Chapter 2. Communicating the Business Context

Leadership requires two things: a vision of the world that does not yet exist and the ability to create it.

Simon Sinek

High-performance organizations are purpose-driven. They have clear, ambitious goals, and they make strategic and tactical decisions aligned with their goals. Leaders convincingly and repeatedly share their vision, while empowering teams to self-organize and find the best way to make the vision a reality.

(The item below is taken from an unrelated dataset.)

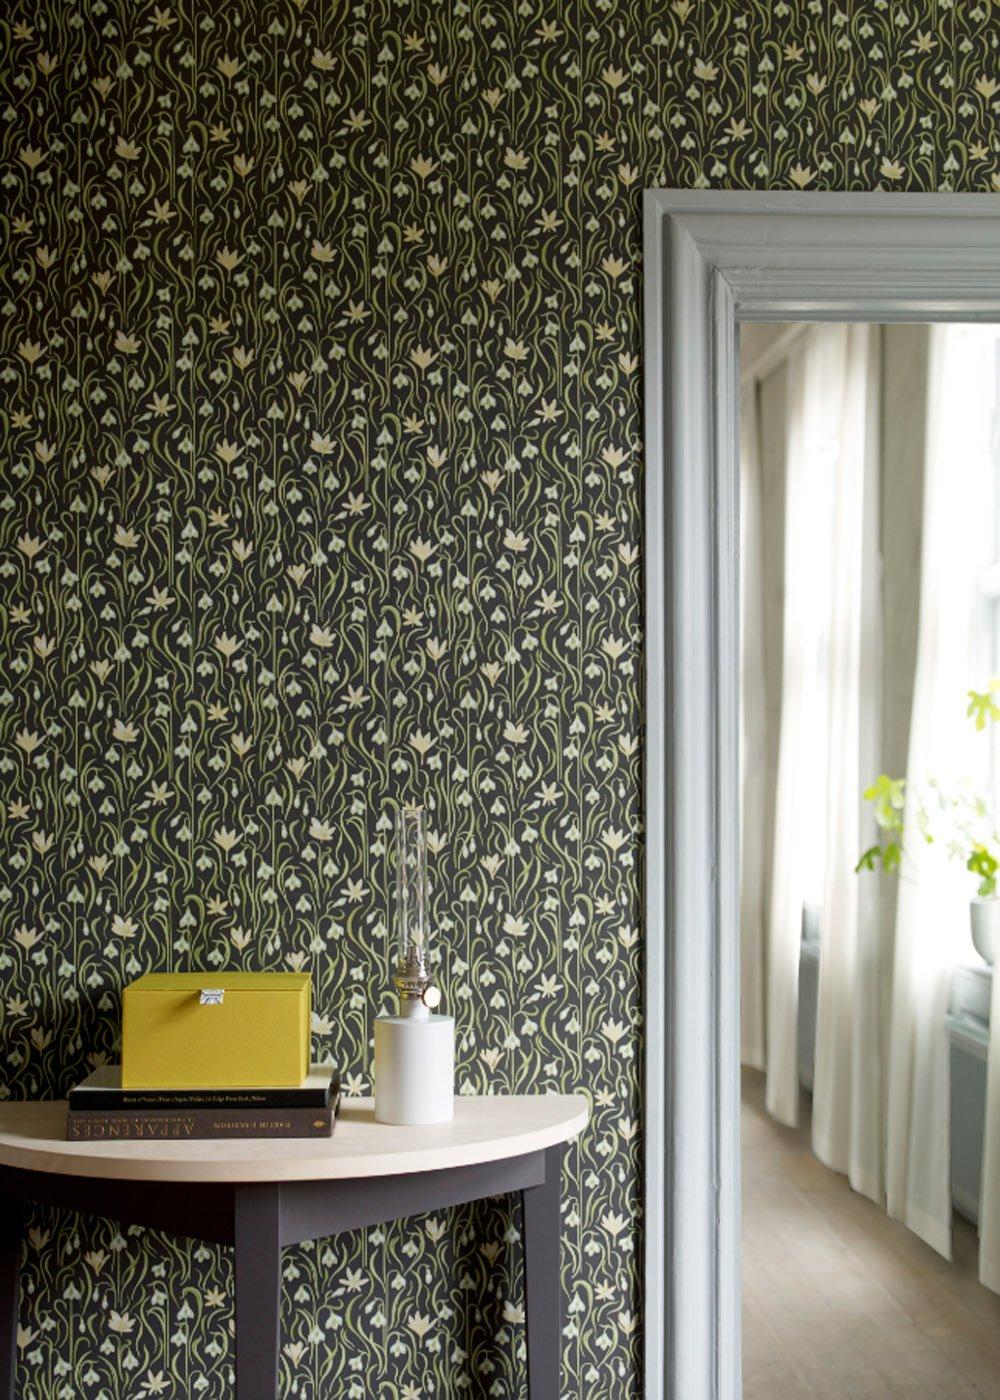 Inspiration  le papier peint fleuri ou  motif vgtal

Google is one of the biggest proponents of disseminating business context as a way to align individual and team goals with business objectives. Since 1999, Google has used OKRs (Objectives and Key Results),1 which provide two primary benefits. First, anyone in the organization can see the current and previous goals of anyone else. A graduate software engineer working at Google could see the priorities of the CEO, for example. Second, OKRs align the goals of all workers with the strategic goals of the business via a cascade down the org chart.

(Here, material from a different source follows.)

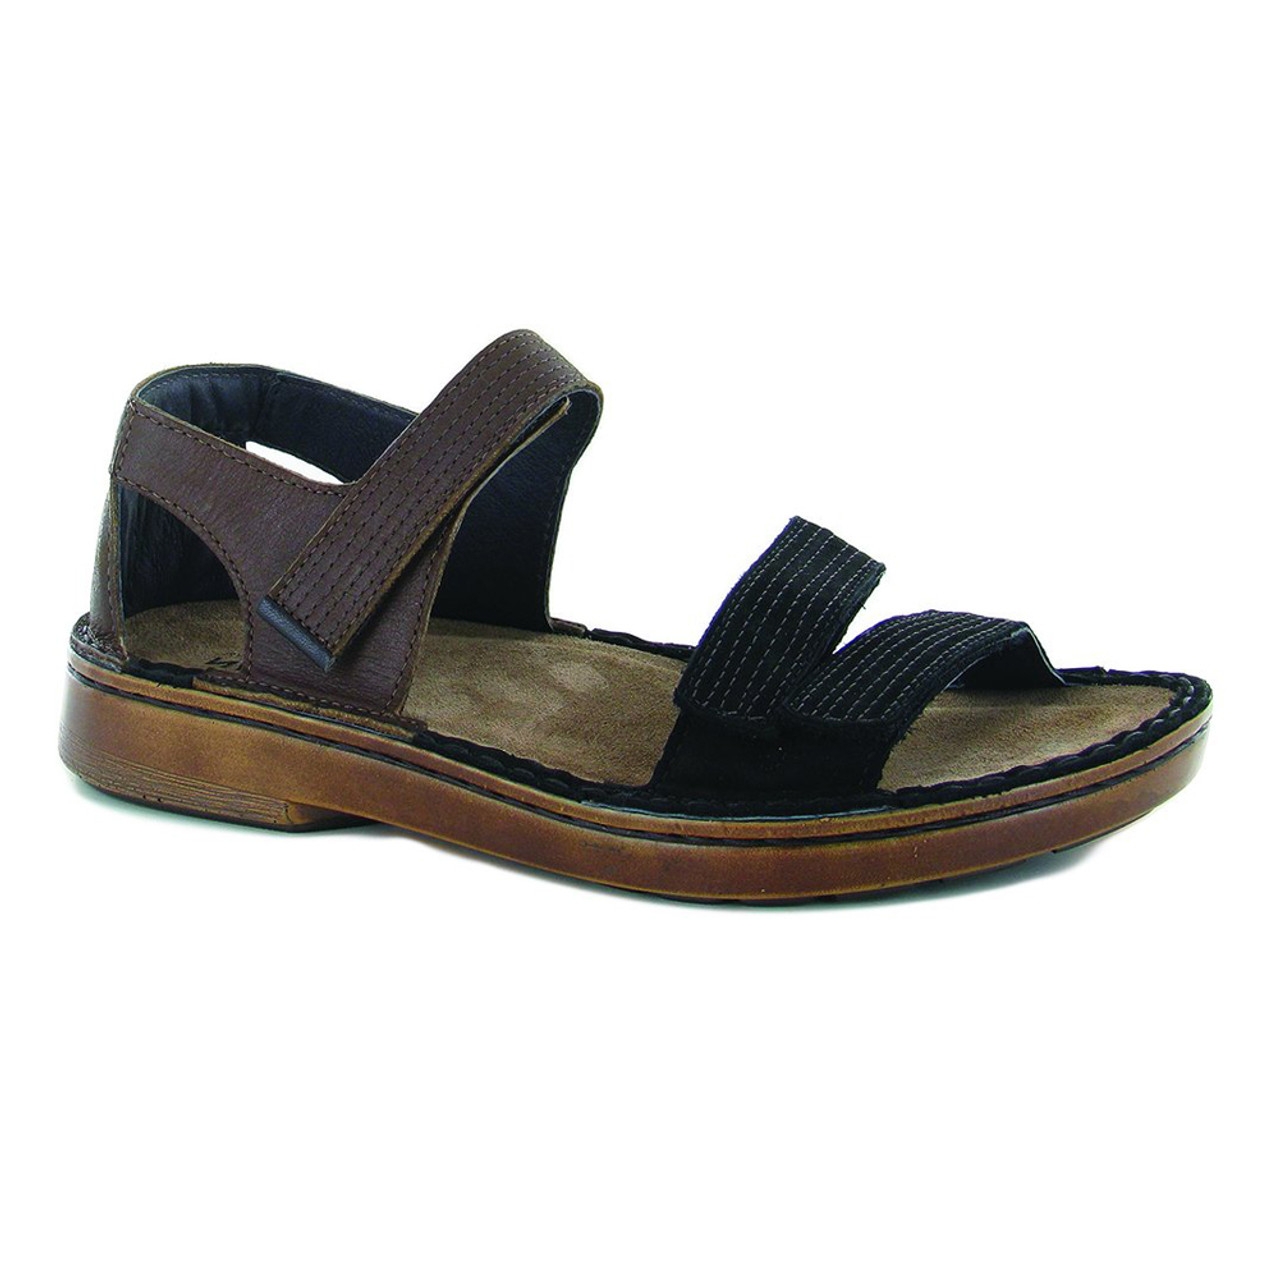 1af3df928ac0 Naot Women s Amarante Sandal Toffee Black - Shop now   Shoolu.com

Following Google’s lead, many other high-performance organizations have adopted OKRs, including LinkedIn, Intel, and Twitter. But other approaches are also promoted by leading enterprises. Salesforce uses a similar cascading approach known as V2MOM (Vision, Values, Methods, Obstacles, Measures).2

Spotify uses an approach called the Big Bets Spreadsheet, which gives all employees access to a prioritized list of business initiatives with links to further details, including teams ...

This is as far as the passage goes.